I liked the scarf seller and her mobile shop. The group of women in the next picture had stopped their shopping and selling (notice the shirt seller in the back of the group with her stock hanging down from the round disk balanced on her head) to listen to what we assumed was a street preacher. (The preacher was speaking in a tribal language so we couldn't know what she was saying.)

Lots of bulk foods, vegetables and fruits (those are stacks of dried banana or plantain slices in the picture by the bananas),

and there's even a place to charge your cell phone.

Then we went back over to the festival grounds where we spent the afternoon. After a while the Akran of Badagry showed up, along with other dignitaries. They laid the symbols of their authority on the table, along with the ever-present cell phones.

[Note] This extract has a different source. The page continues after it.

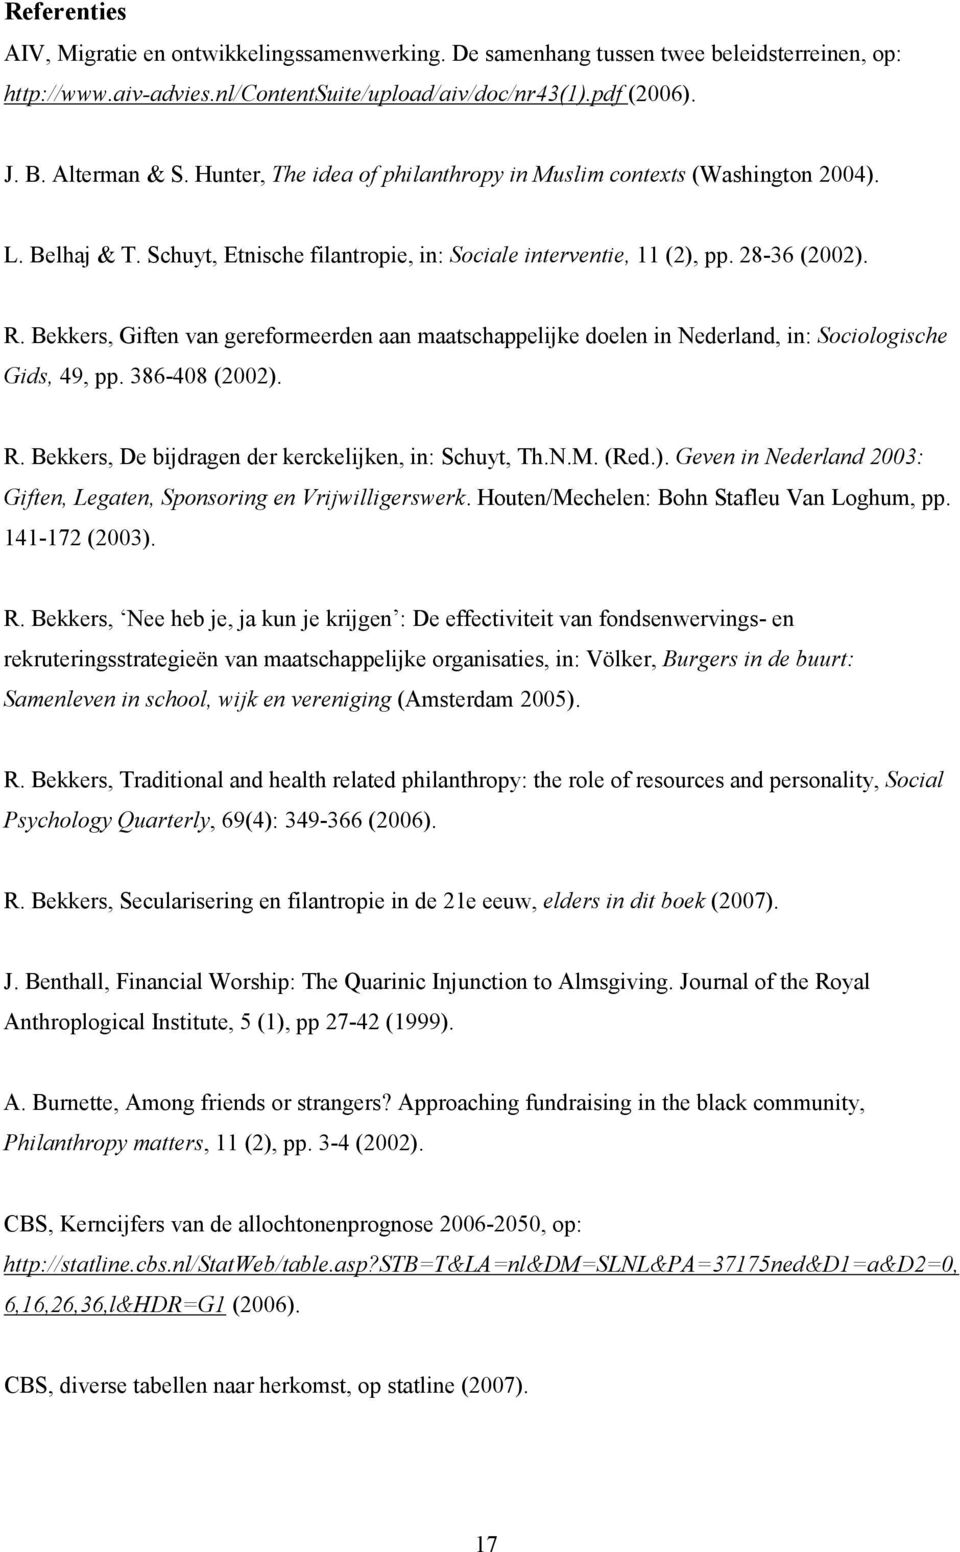 Bekkers, Giften van gereformeerden aan maatschappelijke doelen in Nederland, in: Sociologische Gids, 49, pp. 386-408 (2002). R. Bekkers, De bijdragen der kerckelijken, in: Schuyt, Th.N.M. (Red.). Geven in Nederland 2003: Giften, Legaten, Sponsoring en Vrijwilligerswerk.

There was lots of speechifying and award giving and other festivities not so thrilling, but it was an overcast, relatively cool day and we had comfortable seats under the tent beside the chief's tent, so I didn't mind the boring parts. There was some ceremonial entrances by various groups, and more bowing before the chief. And then there started some pretty wild celebrating.

The "haystack" masqueraders showed up again, as well as several people on stilts who did some kind of "so you think you can dance" competition on stilts. The procession of market sellers and performers passed in front of the chief's tent and then came over to show us their dance moves, musical skills, coconuts, chickens, and other goods and talents.

We were glad to be under the tent when it started to rain, but it didn't stop the performers.

The "dancing haystacks" did an act that was a big hit with the crowd. They would do their dancing and twirling thing and then their handlers would tip over the haystack to show the crowd what was moving the costume. At first, there was a small child under the costume, then, after more dancing, a tiny dog came out. Then after more dancing and costume tipping, a flopping fish was shown to be doing the dancing. By this time the crowd had totally lost any control and was crowding around the masqueraders. There were a couple more magic dancers, judging by the crowd reaction, but the dancers were surrounded and we had no way of seeing the action.

There were more masqueraders that we had seen in the festival the preceding day. The dancer with the big costume did some kind of contest with the crowd where they were all holding sticks and kind of beating each other with them.

And looming over the festival -- on the program cover and on signs (in between the ever-present MTN festival sponsor signs) was the recently deceased Michael Jackson. This year, the festival was dedicated to him.

Yes, even in Nigerian festivals in remote locations, you can't get away from Michael Jackson tributes.